Todo ocurre en cuestión de segundos.
Por este motivo, una tienda online no debería obligar al usuario a pensar demasiado. Cuanto más esfuerzo mental requiere una página, más posibilidades existen de perder una venta.
Muchas veces los pequeños comercios creen que una web debe incluir toda la información posible desde el primer momento. Sin embargo, el exceso de elementos suele provocar el efecto contrario.
- Banners.
- Ventanas emergentes.
- Avisos.
- Promociones.
- Carruseles.
- Descuentos.
- Suscripciones.
- Chat.
- Redes sociales.
Todo compitiendo al mismo tiempo por la atención.
Y cuando todo intenta llamar la atención, nada la consigue realmente.

El primer vistazo decide más de lo que creemos
Al igual que ocurre en un escaparate físico, la primera impresión de una tienda online condiciona el resto de la experiencia.
En apenas unos segundos el visitante responde de forma inconsciente a varias preguntas:
- ¿Entiendo qué vende esta tienda?
- ¿Parece fiable?
- ¿Encuentro rápido lo que busco?
- ¿Merece la pena seguir explorando?
Si alguna de estas respuestas genera dudas, el abandono suele ser inmediato.
Por eso la claridad visual es tan importante.
Un ecommerce bien diseñado no es el que tiene más elementos gráficos. Es el que ayuda al usuario a orientarse sin esfuerzo.
La fotografía debe trabajar más
En una tienda física podemos tocar, acercarnos o pedir ayuda.
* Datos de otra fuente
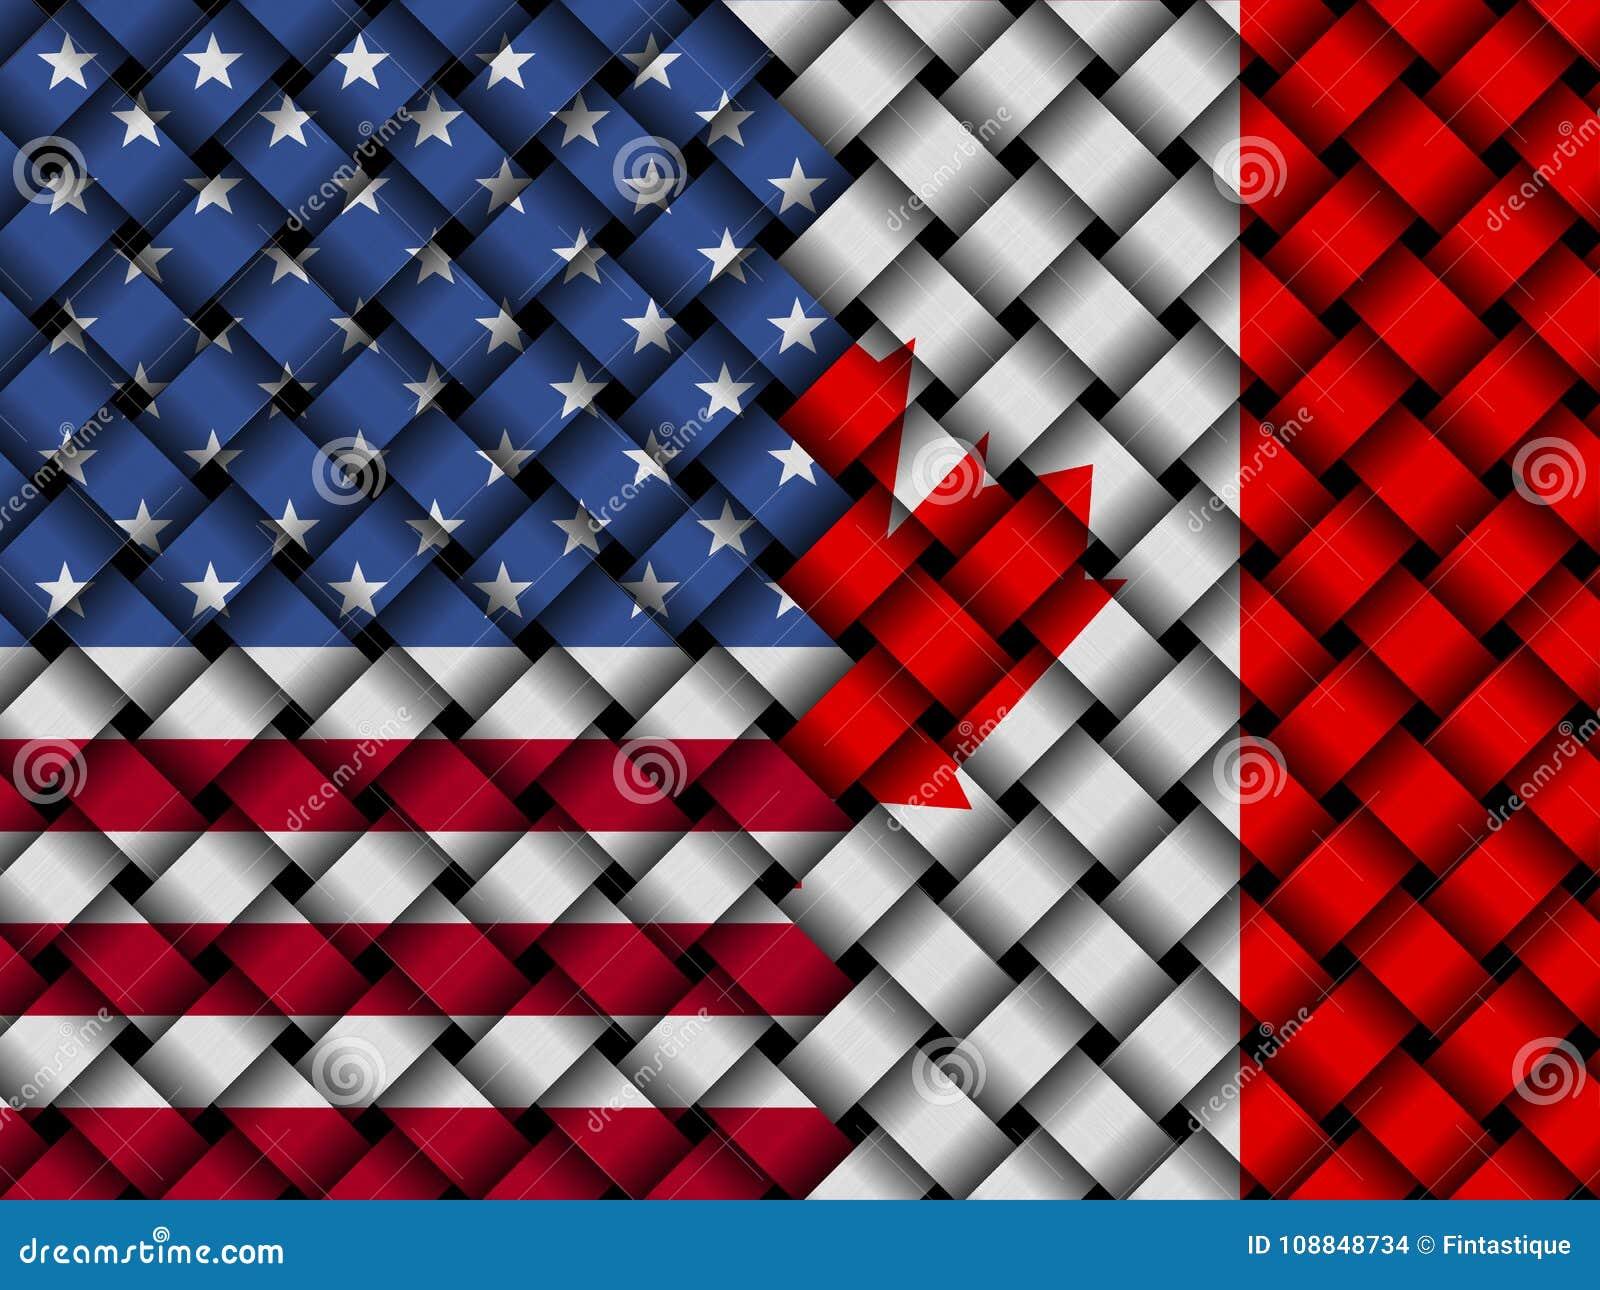 USA Canadian interwoven flags 3d illustration

En una tienda online la fotografía debe asumir gran parte de ese trabajo.
No basta con mostrar el producto.
Hay que ayudar a entenderlo.
El cliente necesita percibir:
- Tamaño.
- Escala.
- Textura.
- Acabados.
- Calidad.
- Forma de uso.
Por ejemplo, una tienda de hogar puede mostrar una manta perfectamente doblada sobre fondo blanco. Pero una imagen donde esa misma manta aparece sobre una cama real permite comprender mucho mejor sus dimensiones, textura y aplicación.
Lo mismo ocurre con moda, decoración, joyería o alimentación gourmet.
La fotografía no solo vende producto.
Reduce incertidumbre.
Y cuanto menor es la incertidumbre, mayor es la conversión.

Menos pasos, más ventas
Cada clic adicional supone una oportunidad para perder al cliente.
Por eso conviene revisar periódicamente el proceso de compra.
- ¿Es necesario registrarse?
- ¿Hay demasiados formularios?
- ¿Existen pasos redundantes?
- ¿Se encuentra fácilmente el botón de compra?
Muchas veces pequeñas mejoras generan resultados importantes.
La experiencia debe parecer fluida.
Natural.
Casi invisible.
Cuando el usuario tiene que esforzarse para comprar, la experiencia deja de ser agradable.
El contenido también es diseño
Existe una tendencia a separar diseño y contenido.
Sin embargo, ambos forman parte de la misma experiencia.
Un texto demasiado largo puede ser tan problemático como una fotografía mal realizada.
El reto consiste en organizar la información de forma que resulte útil y cómoda de consumir.
Para ello conviene:
- Utilizar titulares claros.
- Dividir la información en bloques.
- Destacar beneficios reales.
- Evitar párrafos excesivamente densos.
- Facilitar la lectura rápida.
No se trata de escribir menos.
Se trata de escribir mejor.
El ecommerce también debe transmitir personalidad
Uno de los errores más habituales del pequeño comercio es intentar parecer una gran plataforma.
Sin embargo, su fortaleza suele encontrarse precisamente en lo contrario.
- En la cercanía.
- En la especialización.
- En el conocimiento del producto.
- En la identidad propia.
- La experiencia móvil no debe eliminar esa personalidad.
- Al contrario.
- Debe reforzarla.
Las fotografías, los textos, la selección de productos y la forma de presentarlos deben transmitir la misma esencia que encontraríamos en la tienda física.
Cosas que puedes aplicar desde mañana
- Revisa tu web exclusivamente desde el móvil durante diez minutos.
- Intenta comprar uno de tus productos como si fueras un cliente nuevo.
- Elimina elementos que no aporten valor real.
- Comprueba si el botón de compra se localiza en menos de tres segundos.
- Analiza si las fotografías ayudan a entender tamaño y textura.
- Pide a alguien ajeno al negocio que navegue por la tienda online y observe dónde se pierde.
Porque hoy muchas ventas no dependen únicamente del producto o del precio. Dependen de lo fácil que resulte comprarlo con una sola mano.